ONE AND TWO cent coins will be phased out of circulation over the coming months.
The Central Bank has taken over the project after the Government yesterday decided that in future, all cash transactions involving these coins will be either rounded up or rounded down.
The decision follows a successful trial carried out in Wexford in 2013. In that 85pc of consumers and 100pc of traders said in a survey they believed rounding should happen across the country.
The main factor in the decision was the cost of continually producing the coins which exceeded their face value, while the bulk of them were kept in jars by people who could not be bothered with them. A one cent coin costs €1.65 to produce while the two cent coin costs €1.94.
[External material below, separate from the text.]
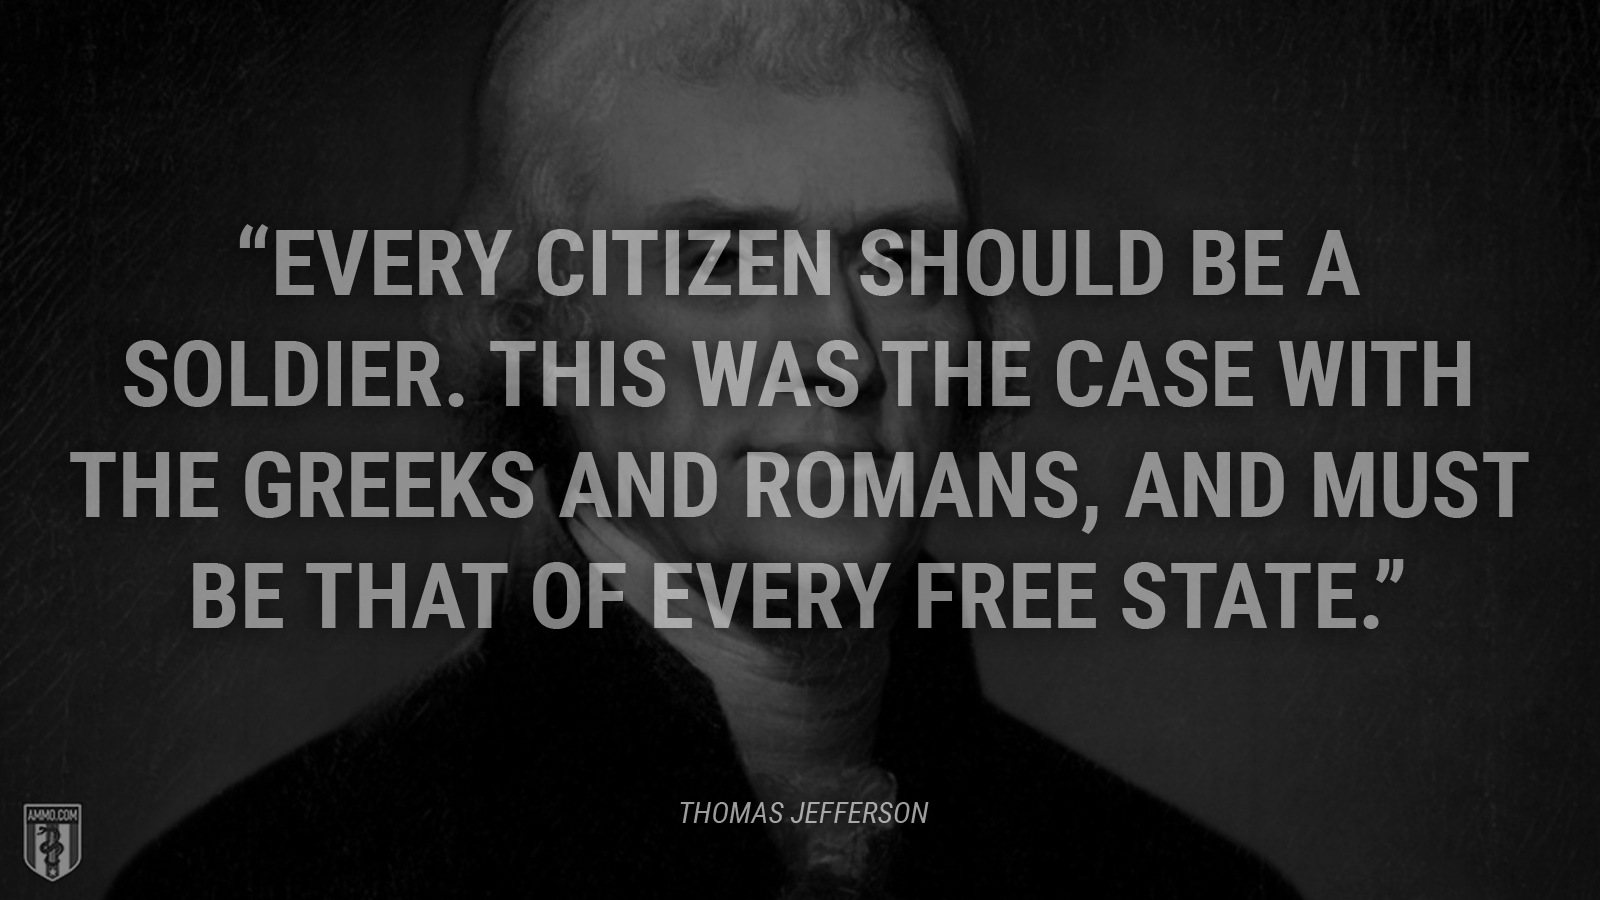 “Every citizen should be a soldier. This was the case with the Greeks and Romans, and must be that of every free state.” - Thomas Jefferson

The Central Bank last night announced that the "rounding system" will be voluntary and details will be worked out with industry and traders' groups in the coming weeks. The entire process is expected to take a matter of months.
The coins will remain legal tender and the changes will only apply to cash transactions, while card and electronic transactions will not be affected.
The total amount of any bill will be rounded down or up to the nearest five cent. Several examples of how it will operate were offered by officials. A transaction costing €10.21 or €10.22 would be rounded to €10.20, while a transaction costing €10.23 or €10.24 would be rounded to €10.25.
Two individual items priced at €10.99 and €3.49 respectively would remain at these prices, though the total bill of €14.48 would be rounded up to €14.50.
Six EU countries already apply a "rounding" system. These are the Netherlands, Sweden, Finland, Denmark, Hungary and Belgium.
So far 1.1 billion two-cent coins have been issued in Ireland and 1.4 billion one-cent coins had been issued.
In the run in to Christmas the Central Bank said it had issued proportionately three times the amount of these small coins compared to other countries using the euro.